As the length of the metre had been set by legislation to be equal to one ten-millionth of this distance, it was defined as 0.513074 toise or 3 feet and 11.296 lines of the Toise of Peru, which had been constructed in 1735 for the French Geodesic Mission to Peru. When the final result was known, a bar whose length was closest to the definition of the legal metre was selected and placed in the National Archives on 22 June 1799 (4 messidor An VII in the Republican calendar) as a permanent record of the result. Another platinum metre, calibrated against the Mètre des Archives, and twelve iron ones were made as secondary standards. One of the iron metre standards was brought to the United States in 1805. It became known as the Committee Meter in the United States and served as a standard of length in the United States Coast Survey until 1890.

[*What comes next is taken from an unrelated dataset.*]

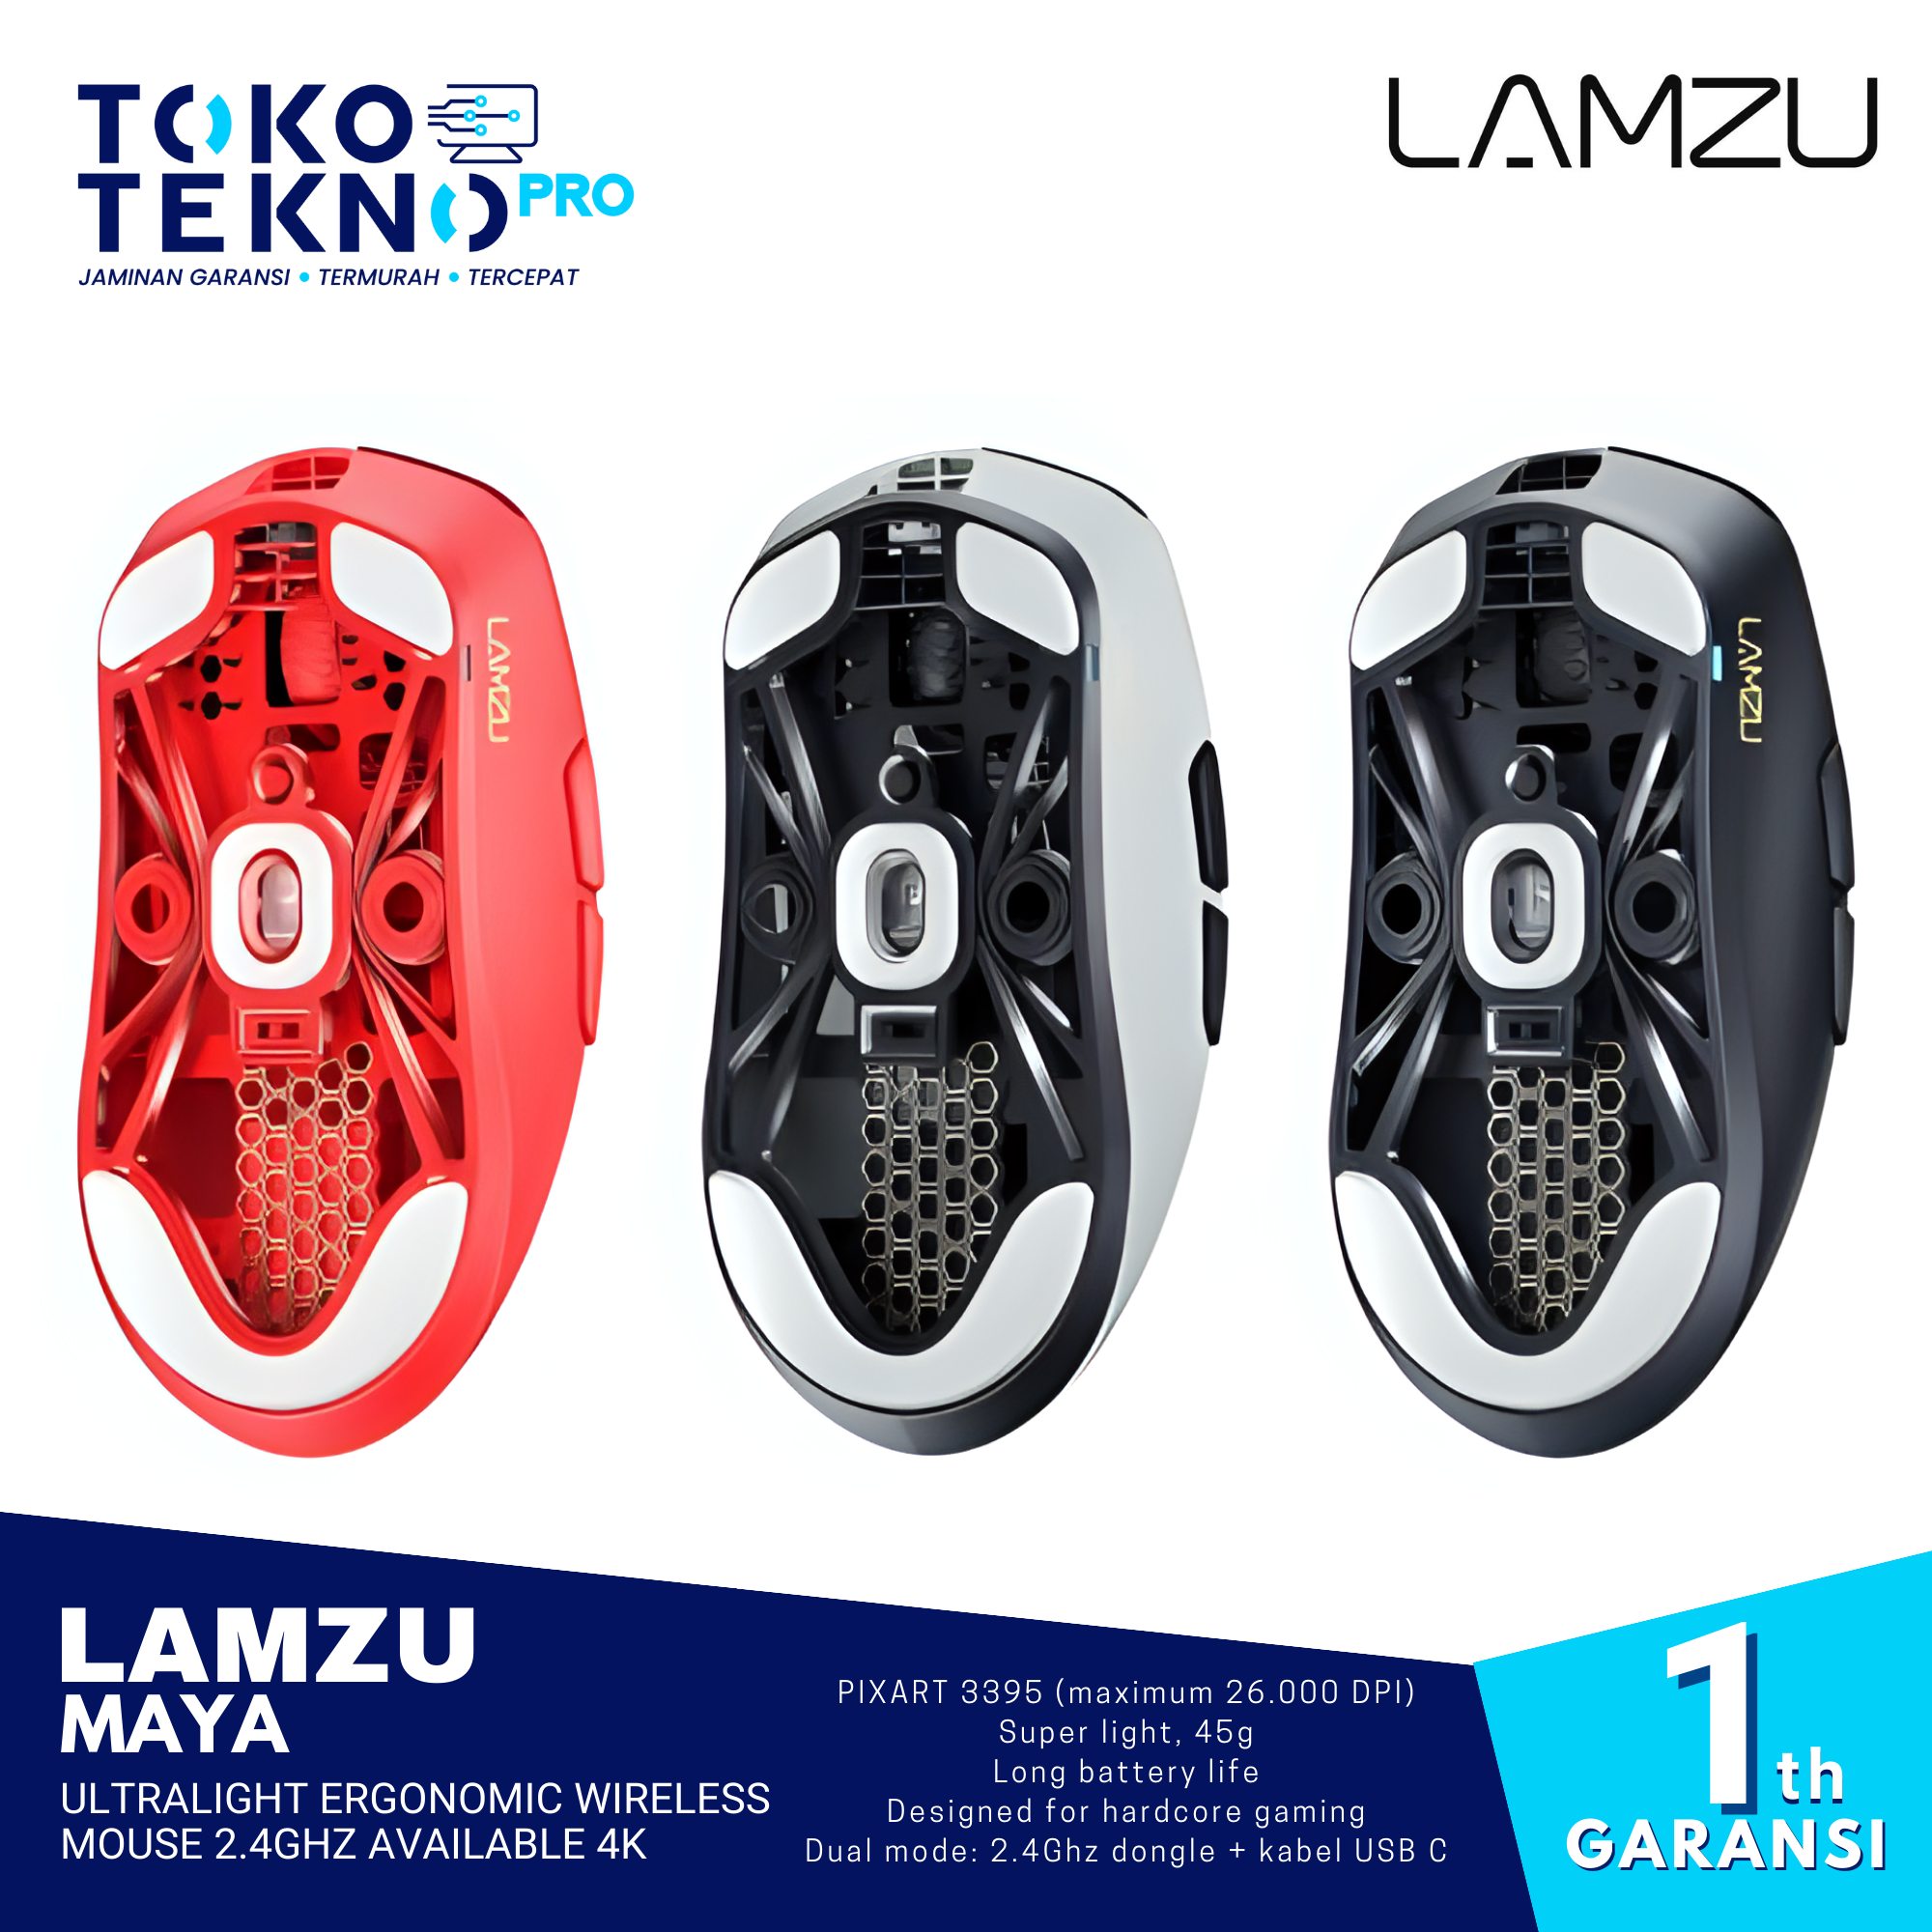 Lamzu Maya Ultralight Ergonomic Wireless Mouse 2.4Ghz Available 4K

However, Louis Puissant declared in 1836 to the French Academy of Sciences that Jean Baptiste Joseph Delambre and Pierre Méchain had made errors in the triangulation of the meridian arc, which had been used for determining the length of the metre. This is why Antoine Yvon Villarceau verified the geodetic operations at eight points of the Paris meridian arc from 1861 to 1866. Some of the errors in the operations of Delambre and Méchain were then corrected.

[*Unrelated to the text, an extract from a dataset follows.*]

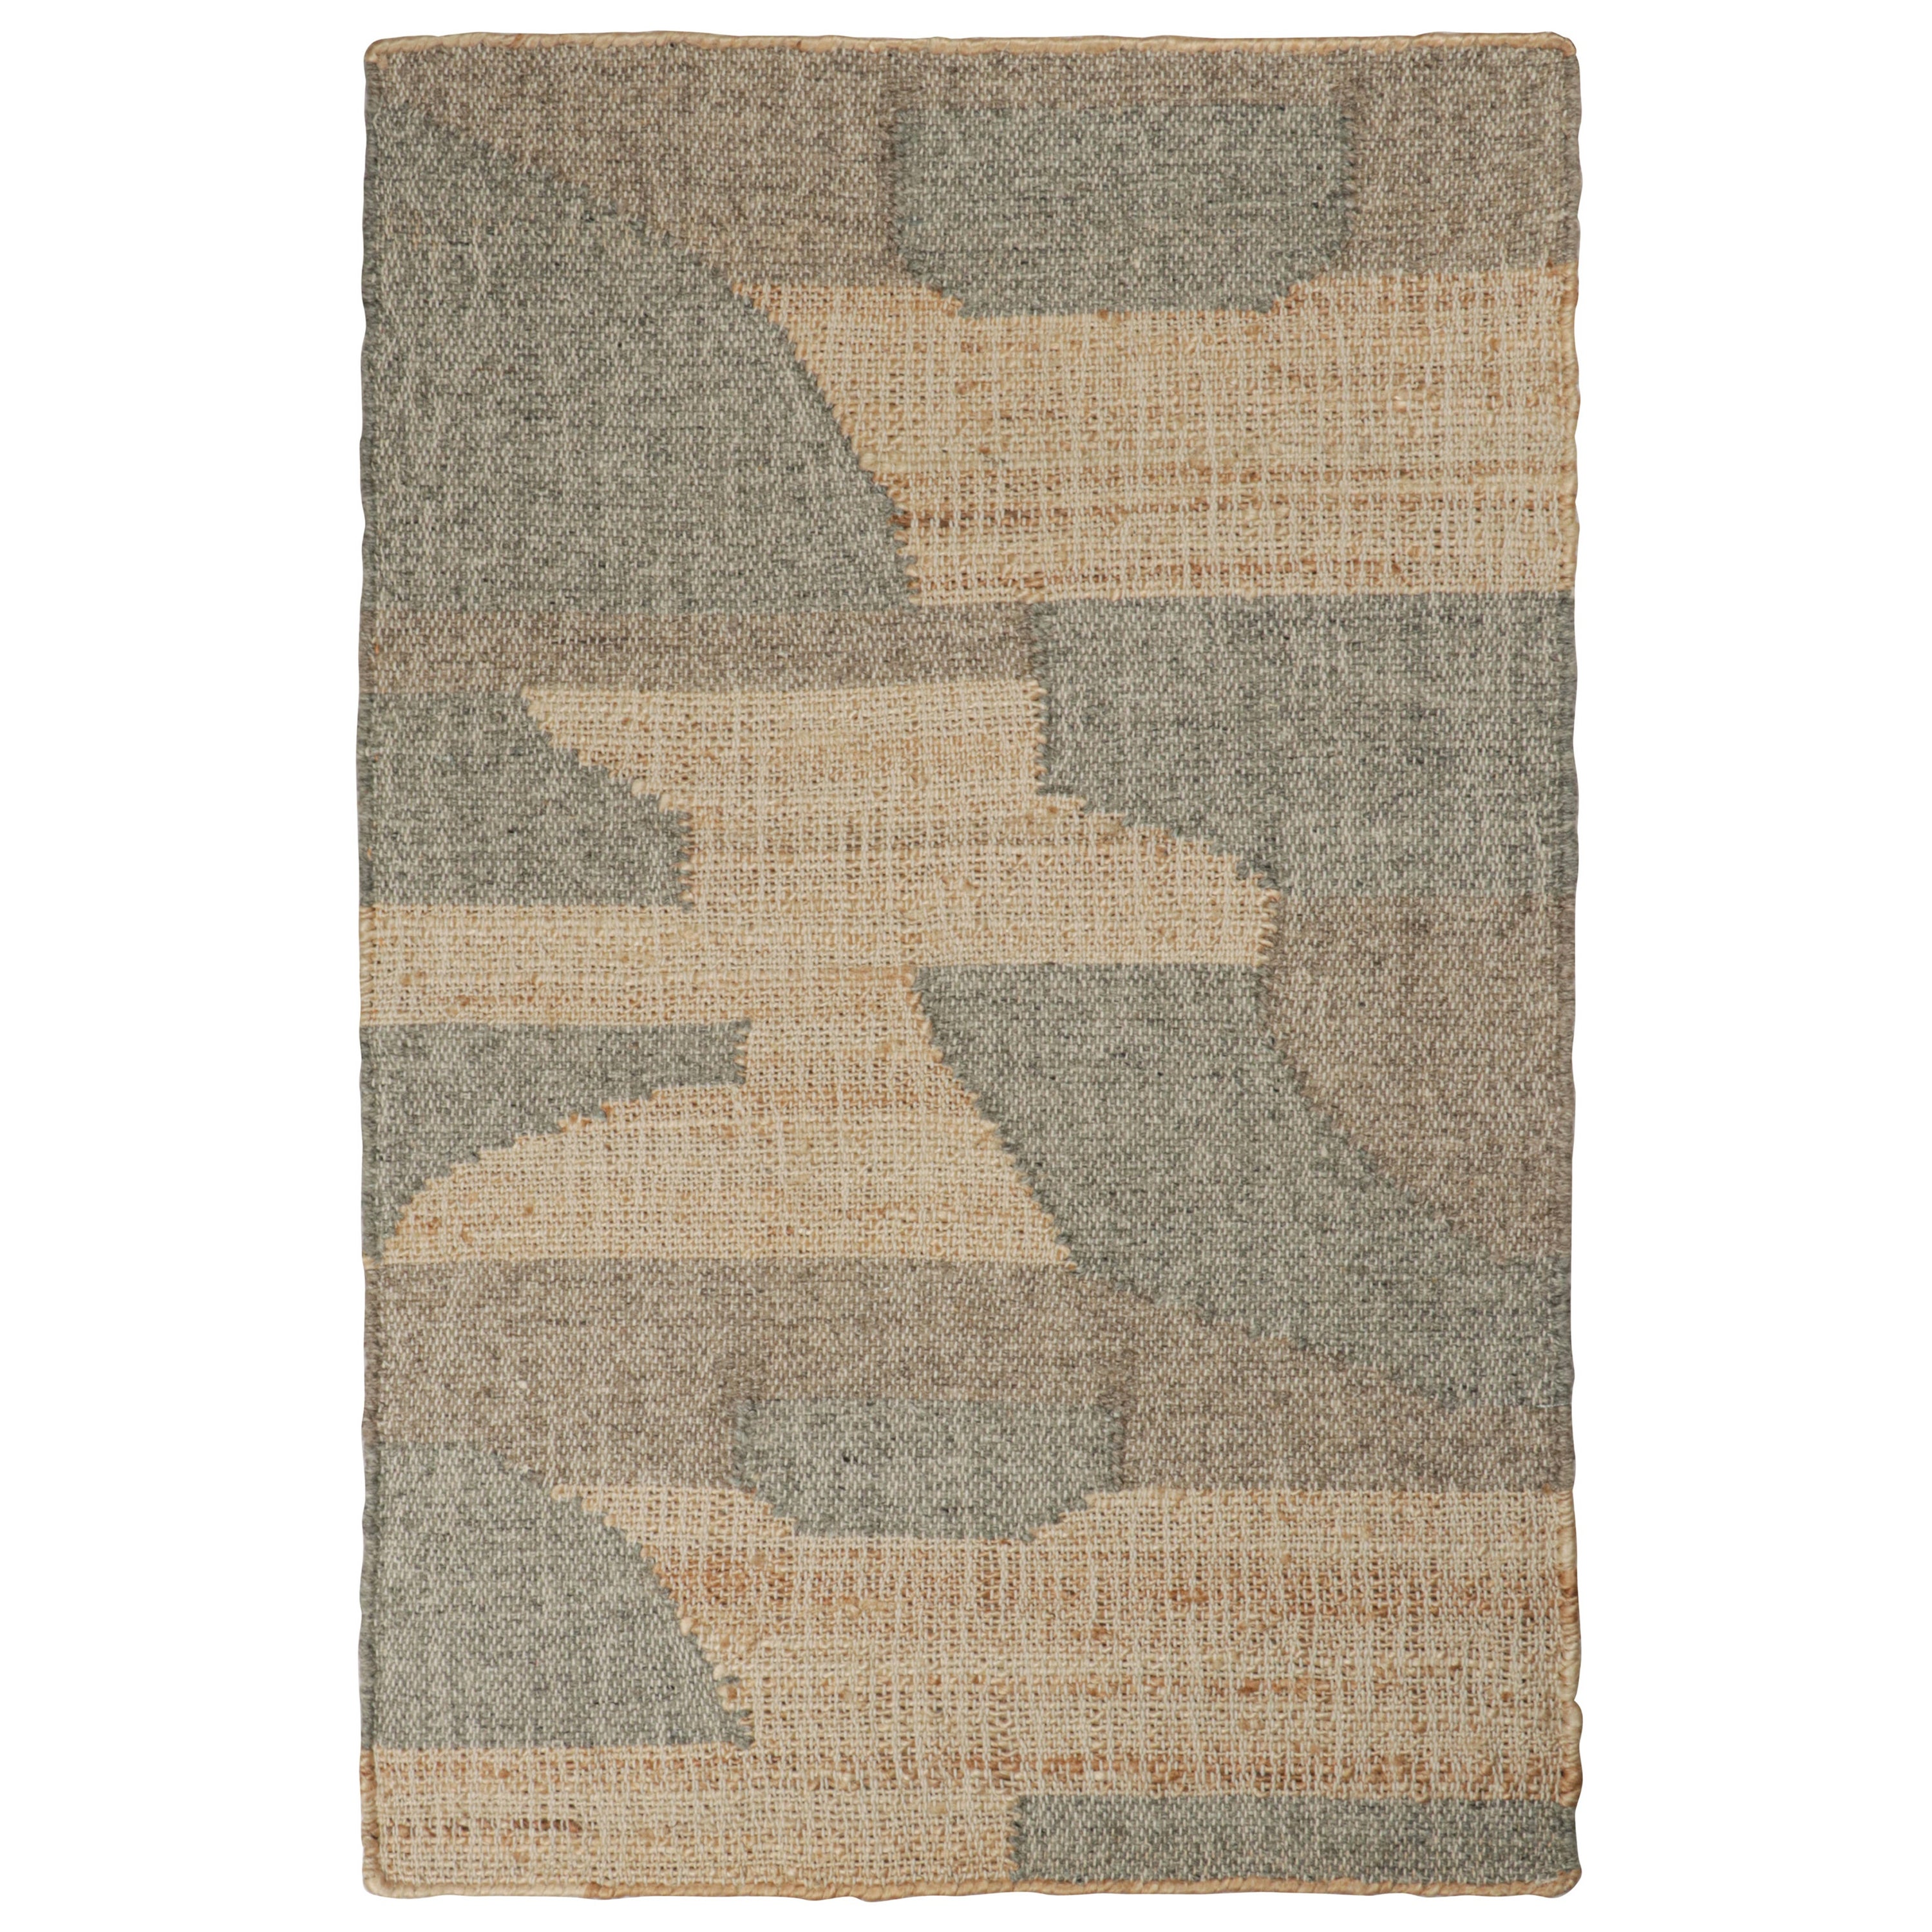 Rug & Kilim’s Modern Kilim rug in Beige-Brown & Grey Patterns

In his 2002 book The measure of all things, Ken Alder recalled that the legal metre is about 0.2 millimetres shorter than it should be according to its original proposed definition. Since long, the length of the legal metre has been questioned because of an uncertainty in Méchain's determination of the latitude of the southern end of the arc measurement besides other problems in the publication of his results. This 2 km error in the Earth quadrant appeared to Adrien-Marie Legendre when he compared 5130740 toises obtained for the length of the definitive metre with 5132430 toises deduced from the distance measured by Nicolas-Louis de Lacaille of a meridian arc of one degree at 45° of latitude which was used to fix the length of the provisional metre. He suspected a deviation of plumb-line due to gravity anomaly that geodesists now call vertical deflection. Indeed, 95% of the missing length of the legal metre was due to not taking the effect of vertical deflection into account, while wrong assumption of flattening of the Earth ellipsoid accounted for 3% of the error and the length of the meridian arc as measured by Delambre and Méchain contributed for less than 2% of the total error. Despite the precision of their survey, the definition of the metre was beyond Delambre and Méchain's reach as gravity anomalies had not yet been studied. Indeed, the geoid is a ball which can be approximately assimilated to an ellipsoid, however meridians have such differencies from one another in shape and length that any extrapolation is impossible from only one arc measurement.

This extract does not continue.